Brisant ist auch die Tatsache, dass beide Mannschaften in demselben Hotel wohnen. Zu Spannungen soll es noch nicht gekommen sein, aber auch Österreichs Torwart Constantin Möstl reagierte im Gespräch mit Sport1 bereits wenig amüsiert auf den Angriff seines Positionskollegen: „Ich hoffe, er weiß selber, dass die Wortwahl nicht die richtige war. Wenn jetzt noch der letzte Spieler Motivation gebraucht hat, soll er sich nochmal das Video anschauen, dann sind die letzten Prozentpunkte da, um 100 Prozent zu geben“, konterte er.
Wolffs Teamkollegen setzten also am Mittwoch auf Deeskalation, um die Motivation ihrer Gegner nicht noch mehr anzuheizen. „Ich glaube, eigentlich wollte Andi ausdrücken, dass er großen Respekt hat vor dem österreichischen Handball und dass er das Spiel auf keinen Fall auf die leichte Schulter nimmt. Er wollte ein Warnsignal an unsere Mannschaft schicken“, versuchte sich Knorr in einer respektvollen Interpretation der Aussagen. Auch Miro Schluroff erklärte: „Ich würde ihm nicht völlig widersprechen, hätte es aber anders gesagt.“
Beide wissen, dass der Auftaktgegner eine Herausforderung darstellt. „Wir haben uns sehr schwergetan in den letzten Spielen. Ich glaube, dass Österreich sowohl über einen großen Teamgeist verfügt als auch eine hohe individuelle Qualität auf vielen Positionen hat“, analysierte Knorr und schlussfolgerte: „Das wird kein leichtes Spiel.“
Für ihn wird es vor allem darauf ankommen, die Ruhe zu bewahren. „Wir müssen geduldig sein und nicht genervt, wenn Dinge nicht funktionieren“, so Knorr. „Sie werden einfach ihren Stiefel herunterspielen und wir müssen wissen, dass wir da dagegenhalten müssen und nicht denken, dass wir das Spiel nach 20 Minuten gewonnen haben“, lautete seine Warnung.
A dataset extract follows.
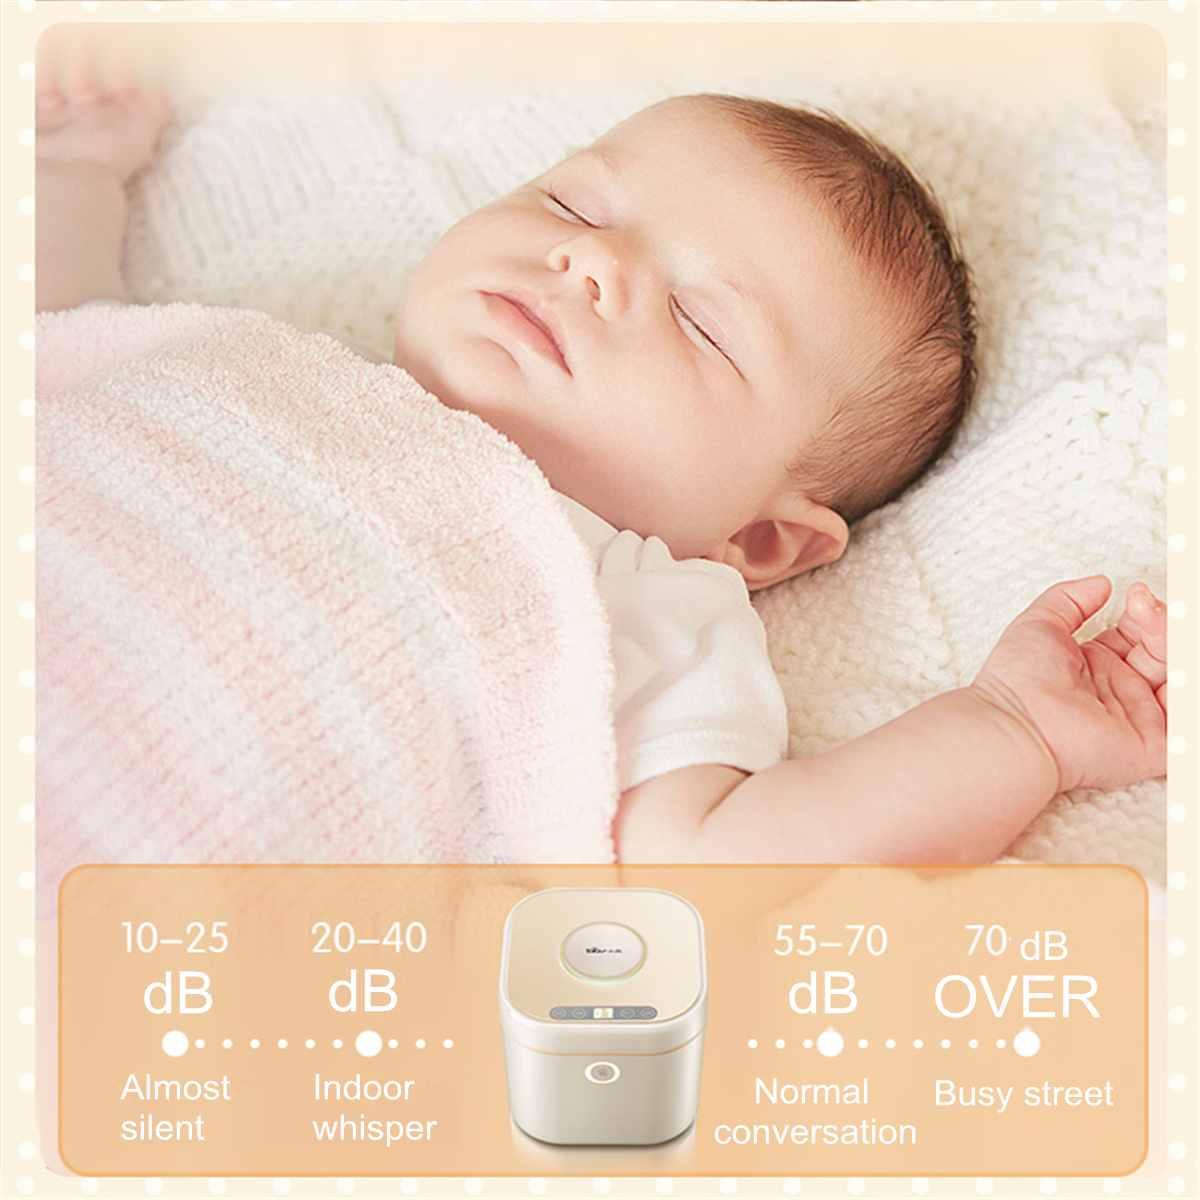 10L электрическое питание новорожденного бутылки из-под молока, сушилка; стерилизатор сушилка Очиститель Многофункциональный универсальная Бутылка стерилизатор

Einen Punktverlust zum Turnierstart kann sich die deutsche Mannschaft nämlich eigentlich nicht erlauben. Mit Blick auf die voraussichtliche Hauptrundengruppe mit Weltmeister und Olympiasieger Dänemark sowie EM-Titelverteidiger Frankreich muss die deutsche Mannschaft so viele Punkte wie möglich mitnehmen. Stolpern gegen Österreich ist auch deshalb verboten, weil ein Sieg zum Vorrundenabschluss gegen Spanien ebenfalls alles andere als ausgemachte Sache ist.
Die Österreicher auf der anderen Seite haben kaum etwas zu verlieren – und nun auch das Quäntchen Extra-Motivation, um das deutsche Turnierziel Halbfinale früh ins Wanken zu bringen.